Where the line containing "Elegant Food Menu" appears, begin retyping; continue exactly through the final line of the data. Omit every picture.

### Given information

##############################

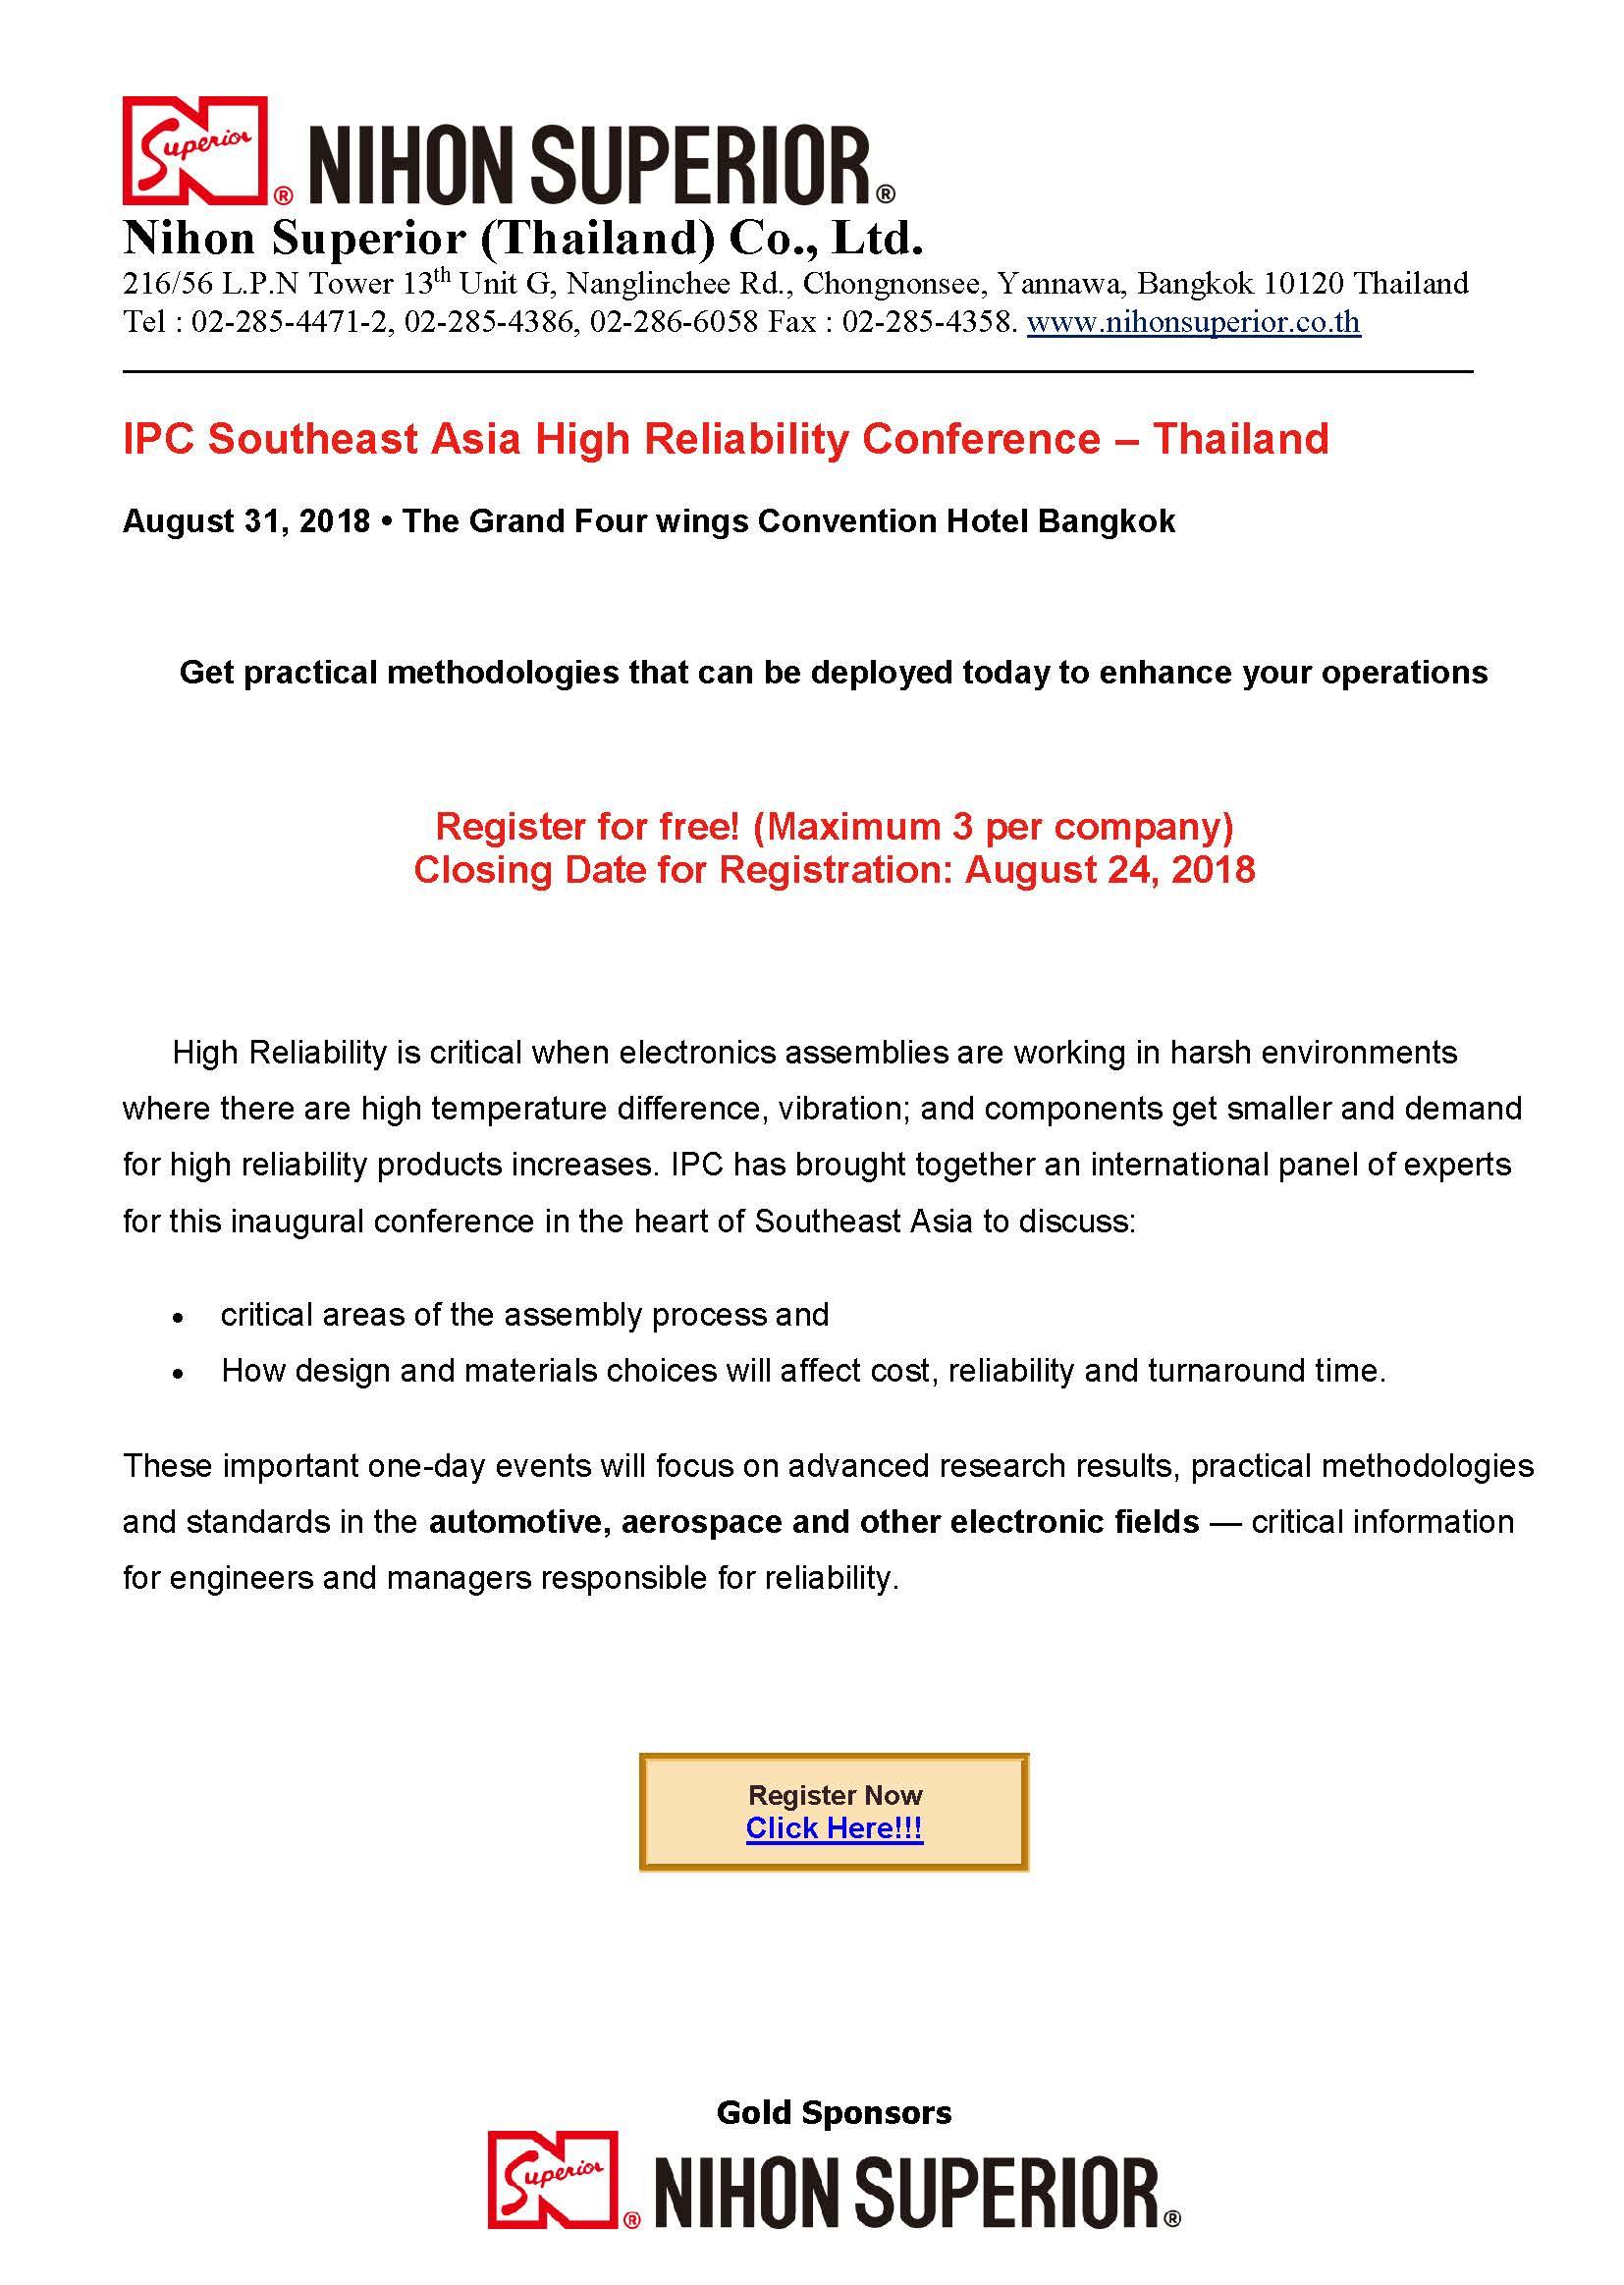 Invitation IPC Conference Thailand 2018_Page_1
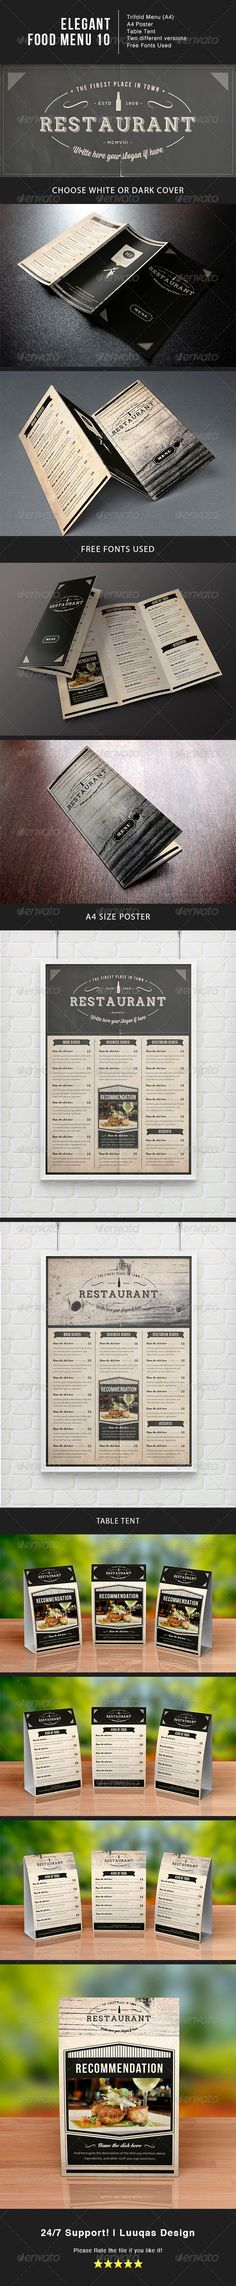 Elegant Food Menu Template #design #speisekarte Download: http://graphicriver.net/item/elegant-food-menu-10/7593439?ref=ksioks
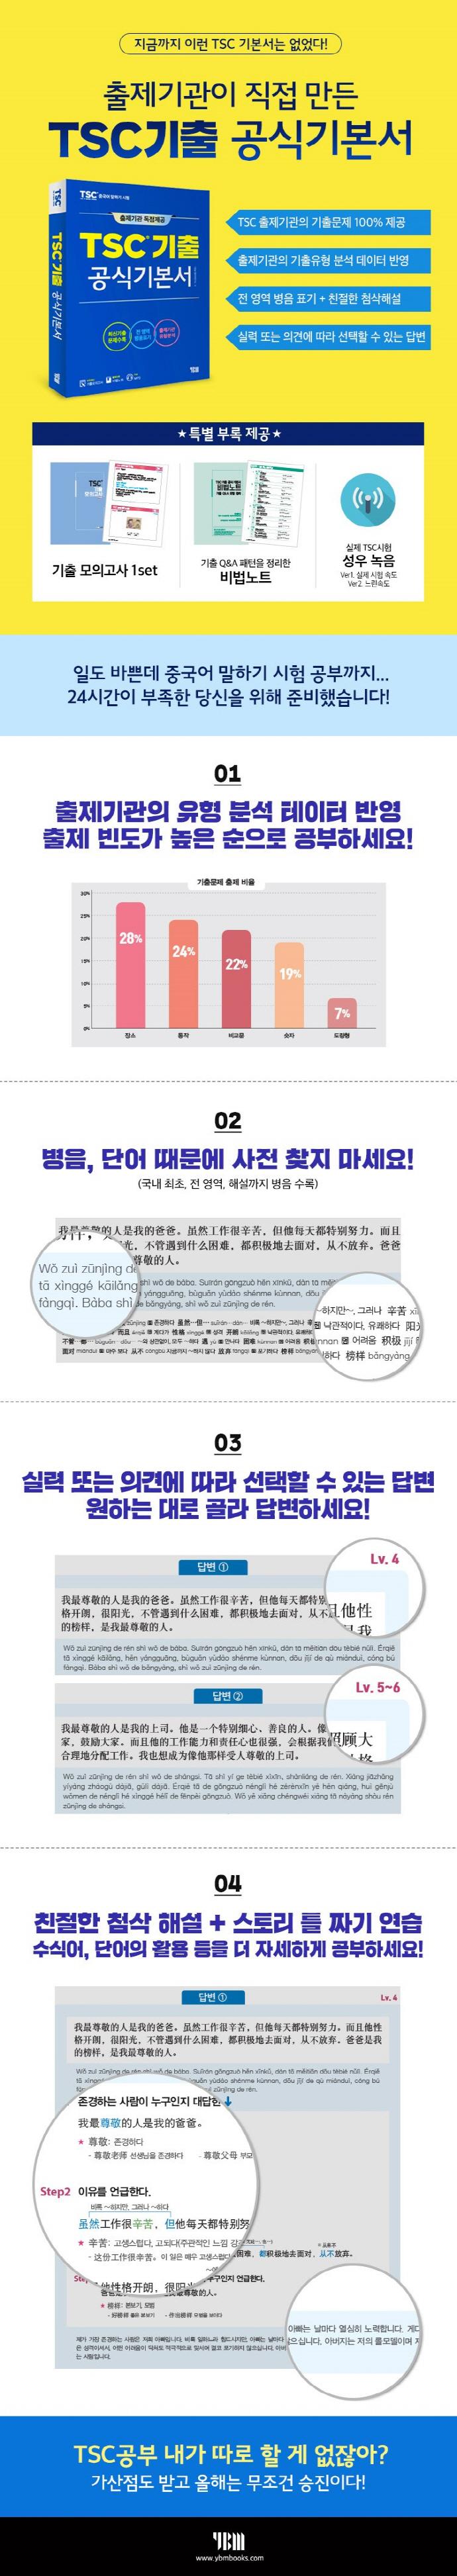 TSC 기출 공식기본서 도서 상세이미지
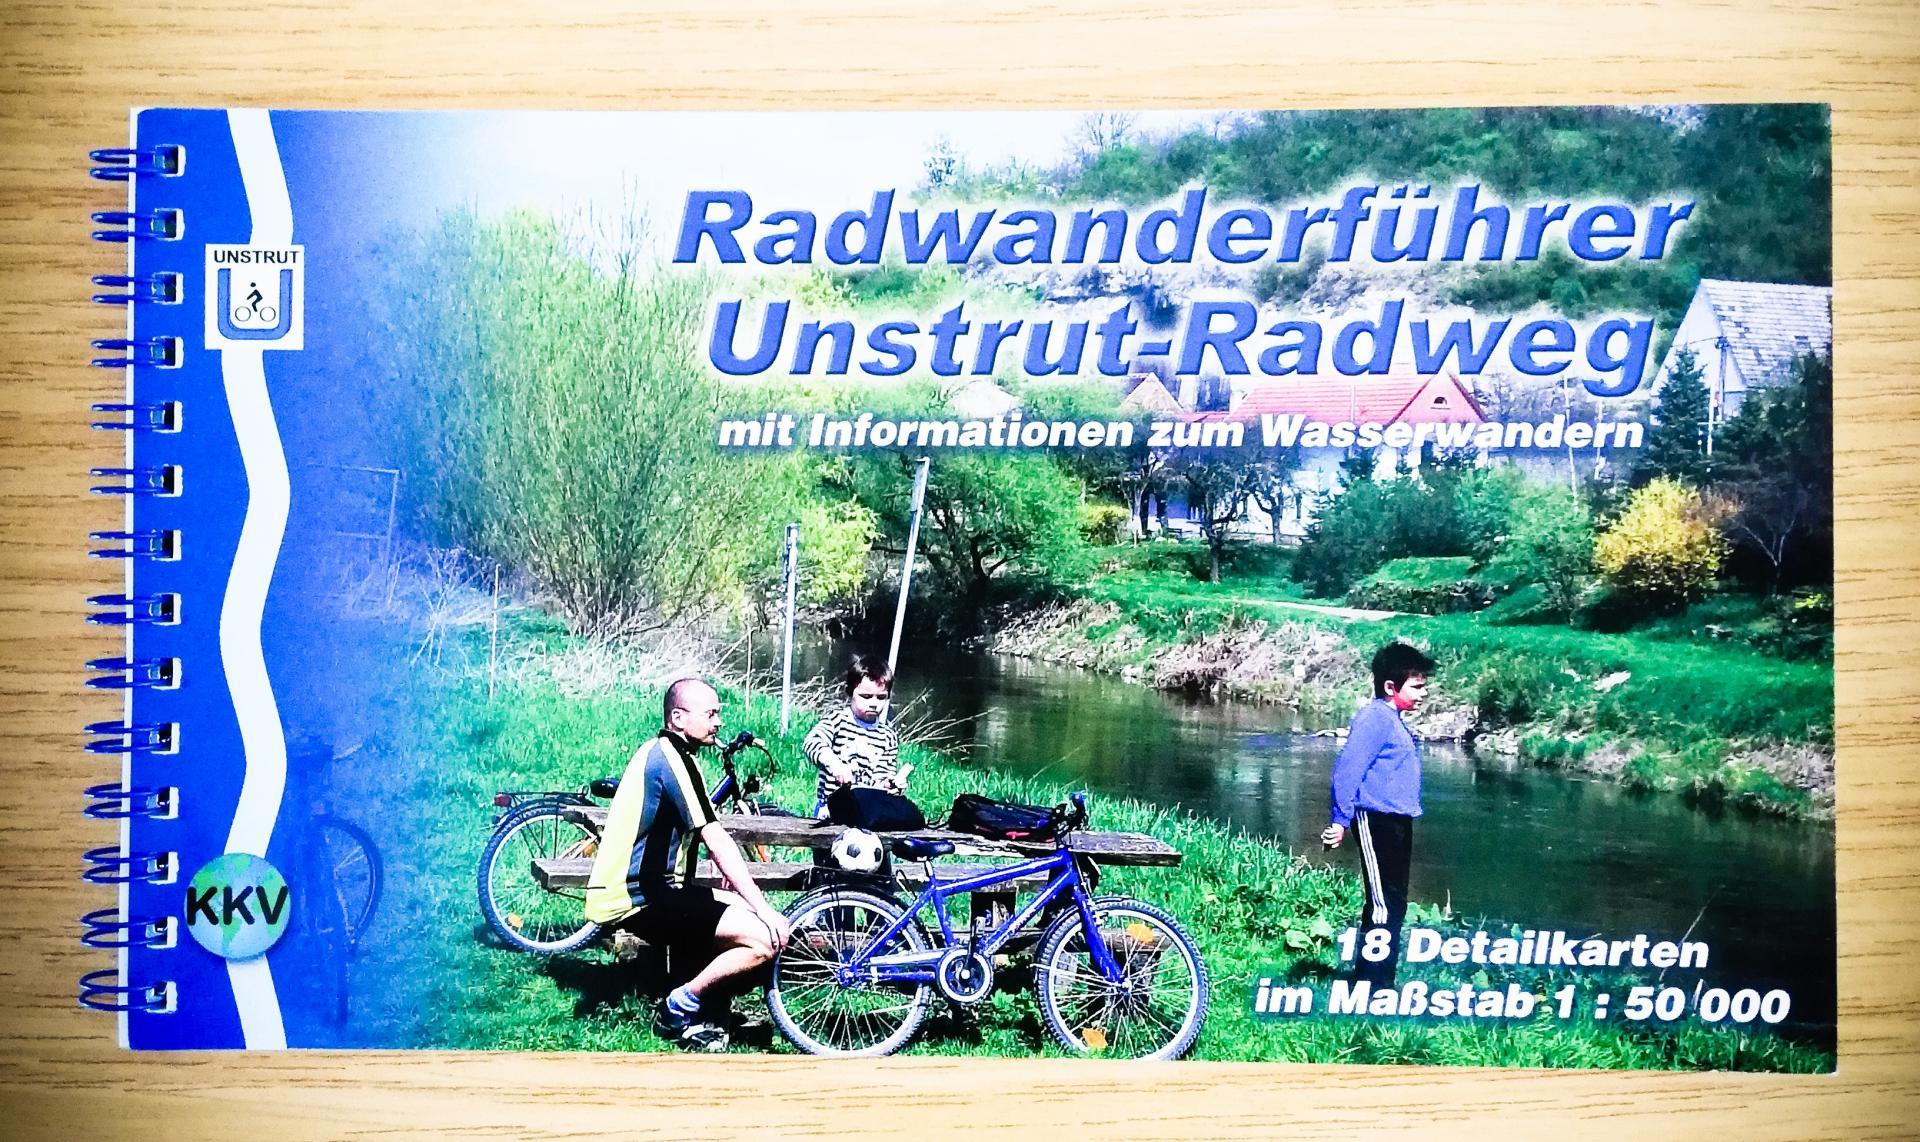 Radwanderführer Unstrut-Radweg

##############################

### Answer space
 Elegant Food Menu Template #design #speisekarte Download: http://graphicriver.net/item/elegant-food-menu-10/7593439?ref=ksioks
 TSC 기출 공식기본서 도서 상세이미지
 Radwanderführer Unstrut-Radweg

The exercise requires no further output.